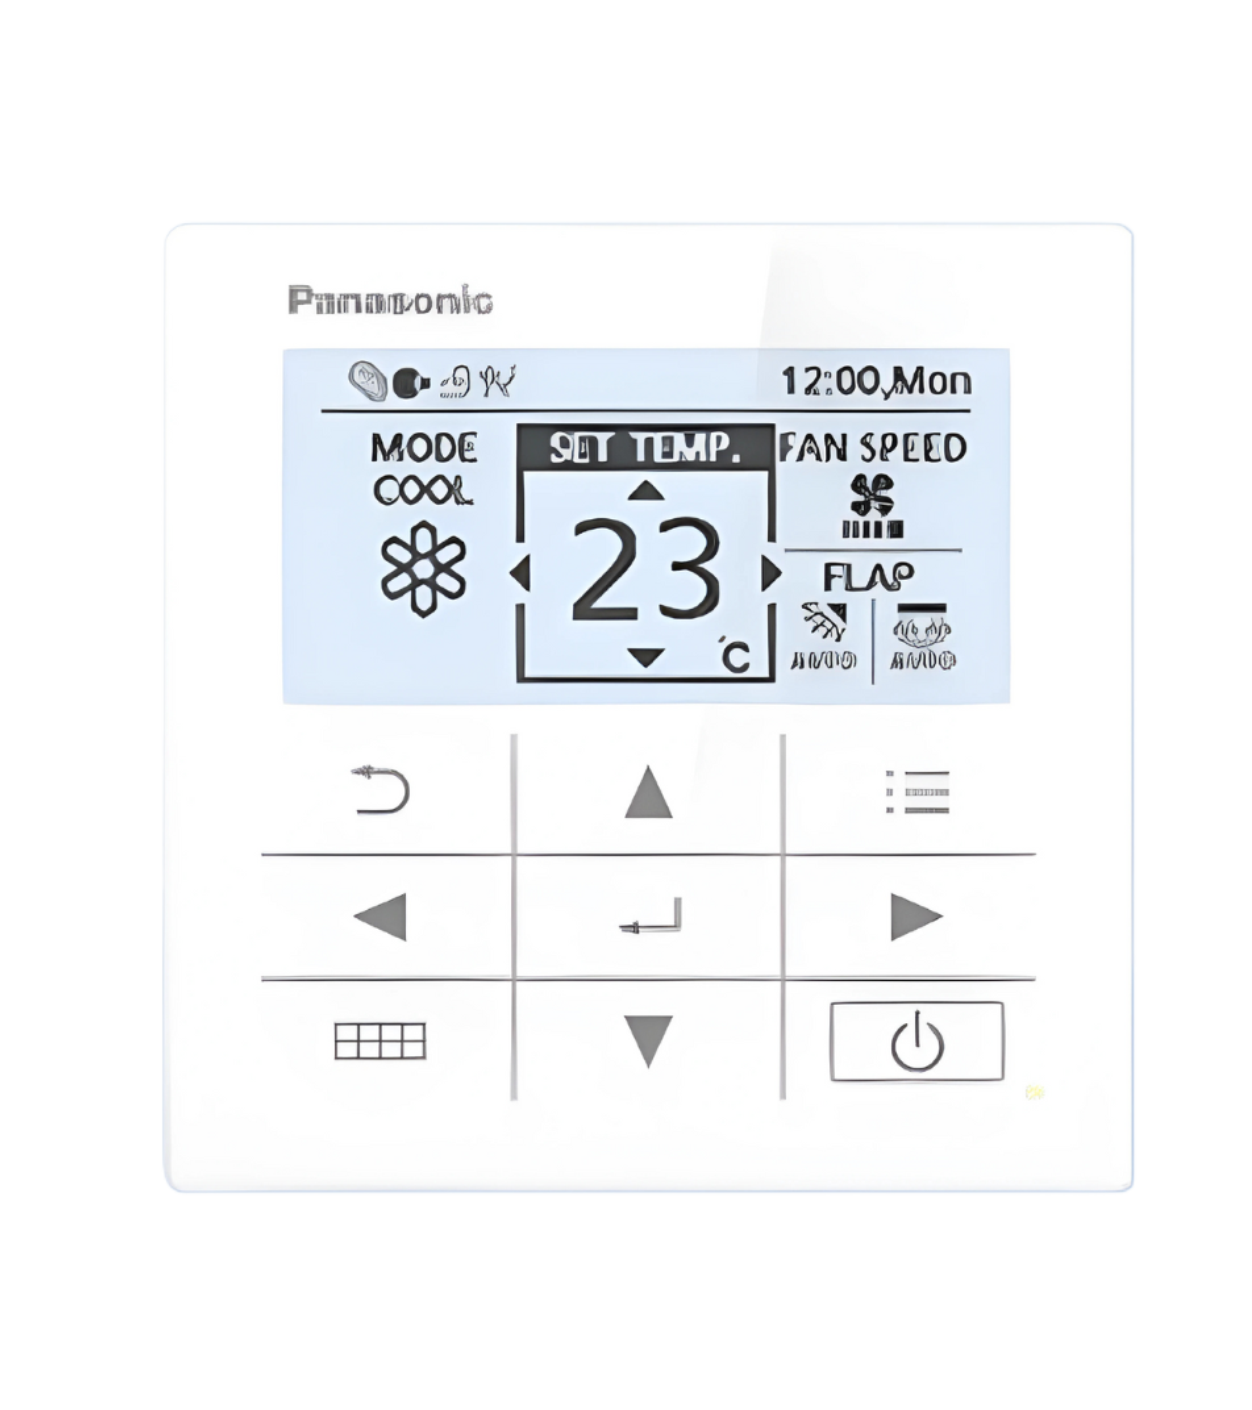 a remote control for a panasonic air conditioner shows the temperature and fan speed .
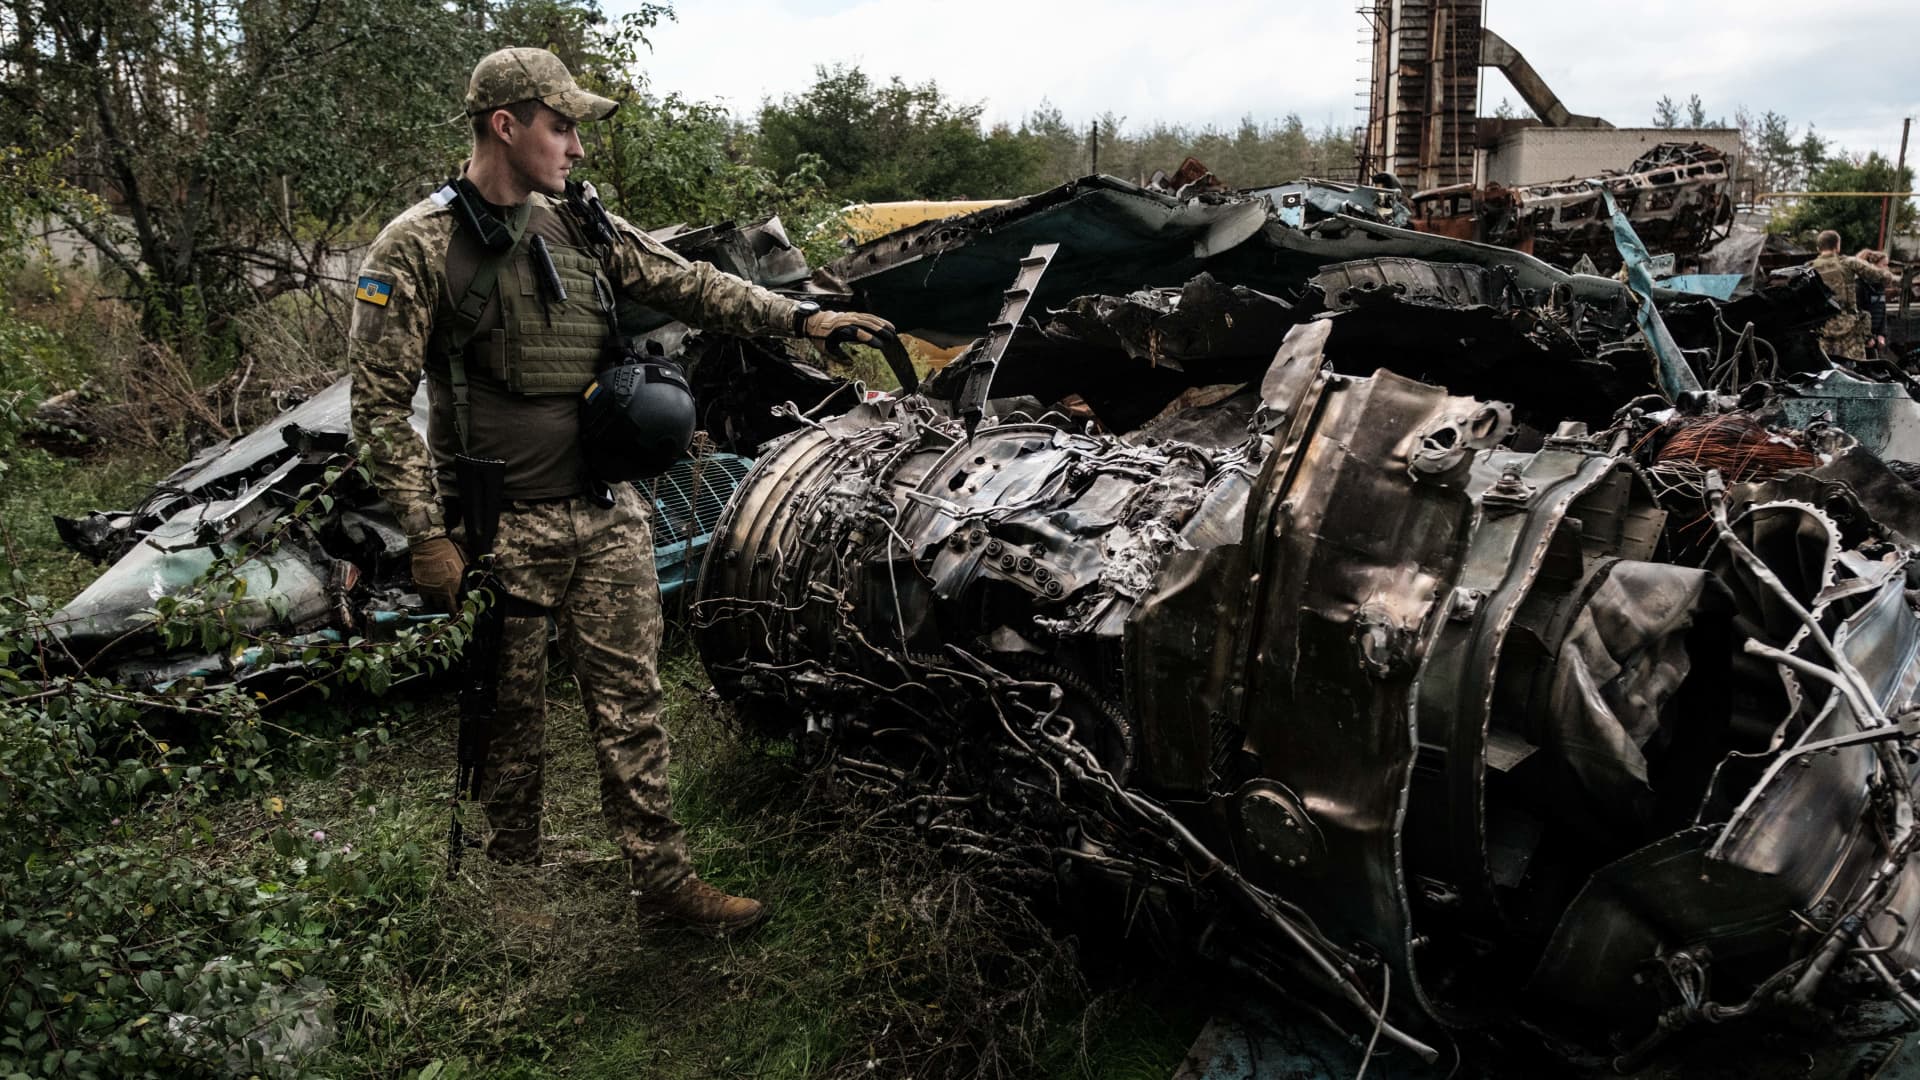 A Ukrainian army press officer shows the debris of Russian air strike aircraft Su-34 at a collection point of destroyed Russian armored vehicles at an animal feed plant in the recently retaken town of Lyman in the Donetsk region, on Oct. 5, 2022.
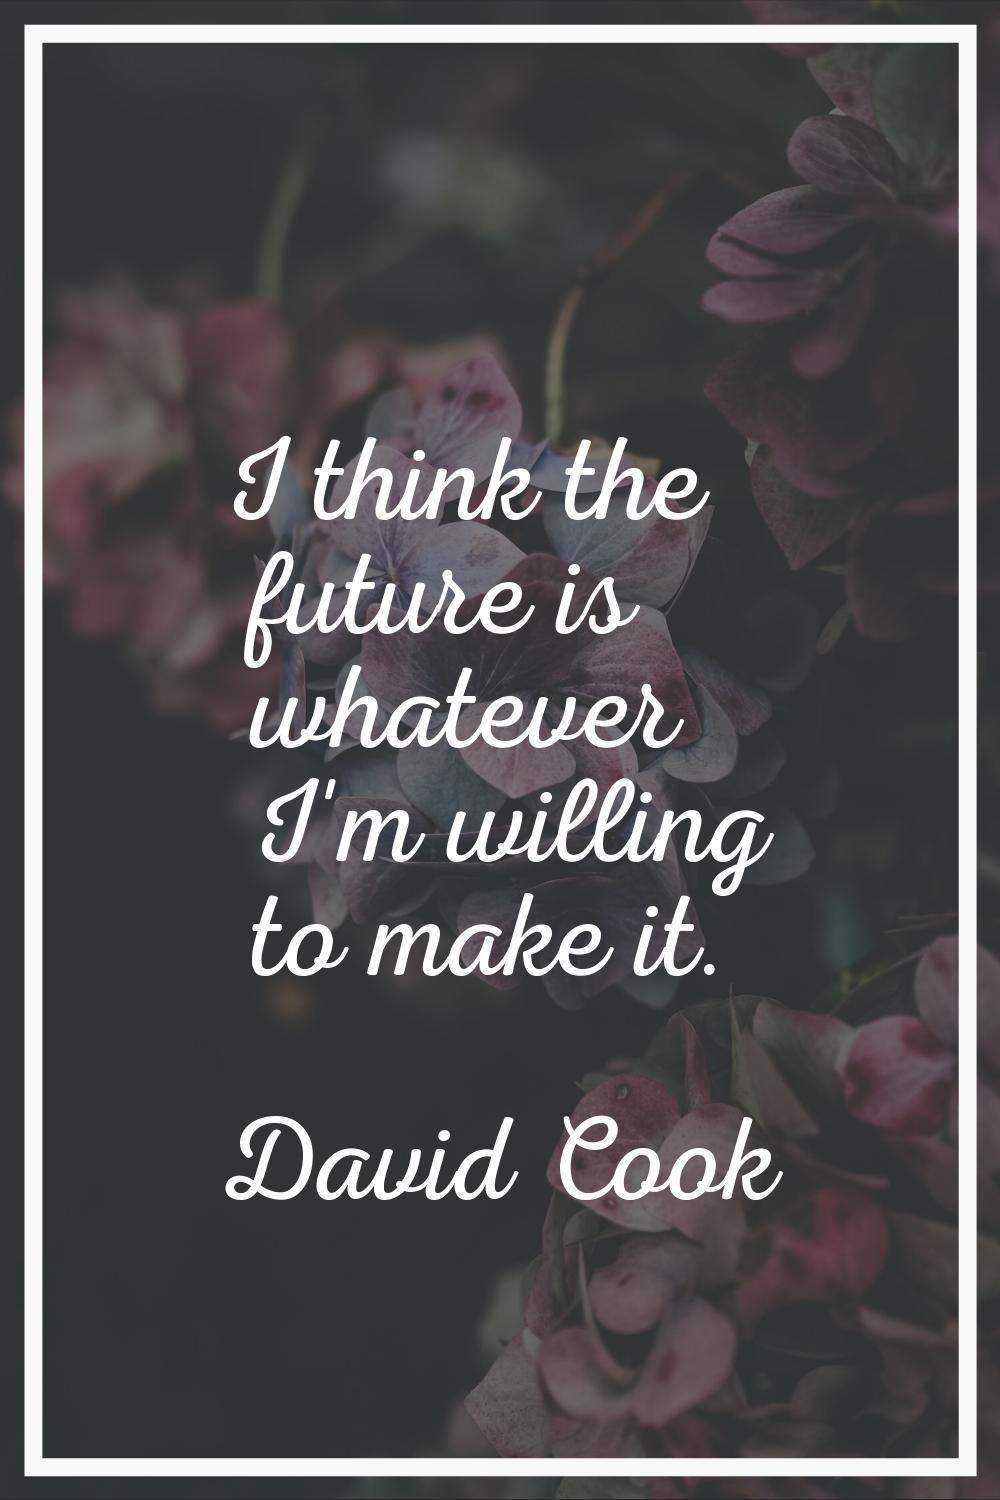 I think the future is whatever I'm willing to make it.
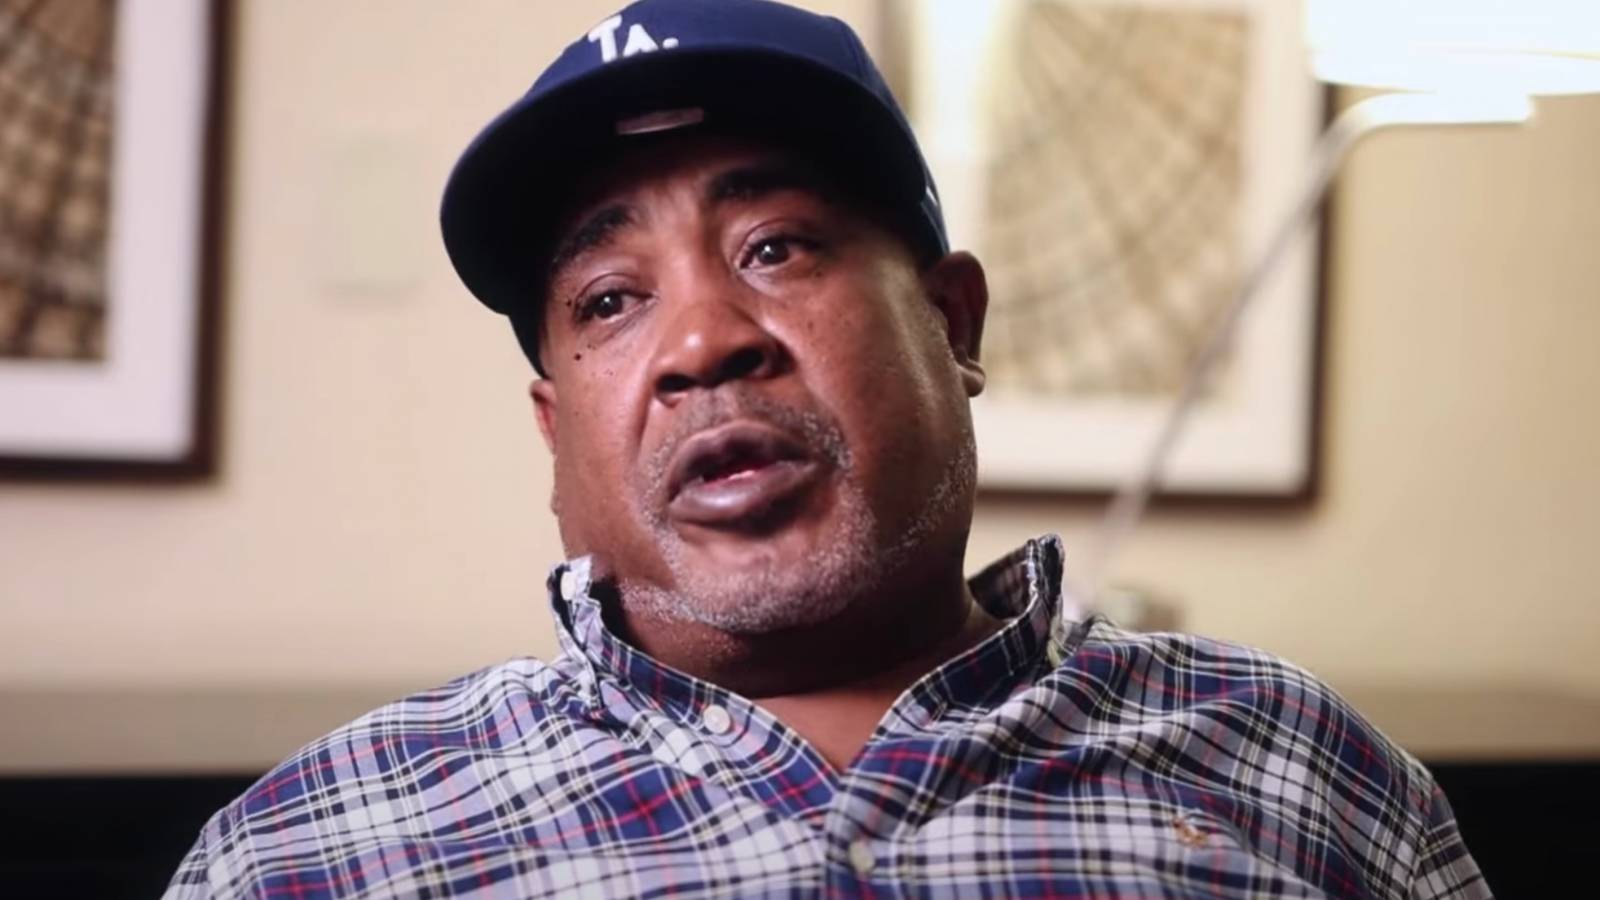 new-development-in-the-tupac-murder-case-keefe-ds-confessional-interview-raises-questions
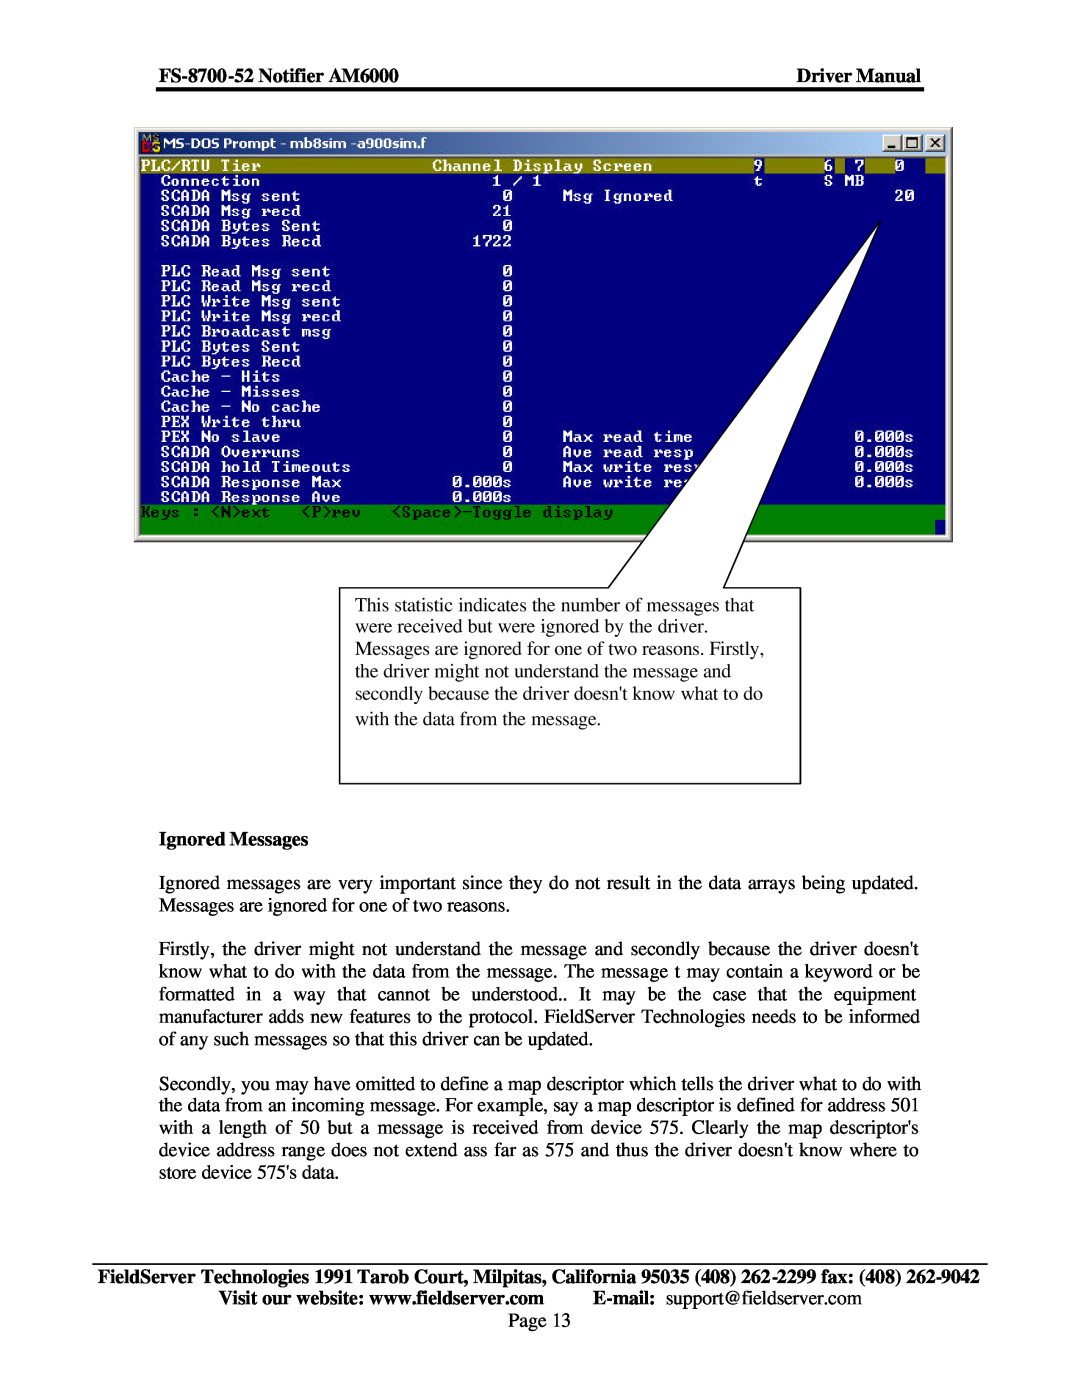 FieldServer instruction manual Ignored Messages, FS-8700-52 Notifier AM6000, Driver Manual
################
**PROBLEM TO WORK ON:** Nothing but the lines above, starting at the line that contains "A Ukrainian army" and ending at the line that contains "I think the", should be given again, exactly and without the pictures.

**SOLUTION TO THIS TASK:**
 A Ukrainian army press officer shows the debris of Russian air strike aircraft Su-34 at a collection point of destroyed Russian armored vehicles at an animal feed plant in the recently retaken town of Lyman in the Donetsk region, on Oct. 5, 2022.
 I think the future is whatever I'm willing to make it.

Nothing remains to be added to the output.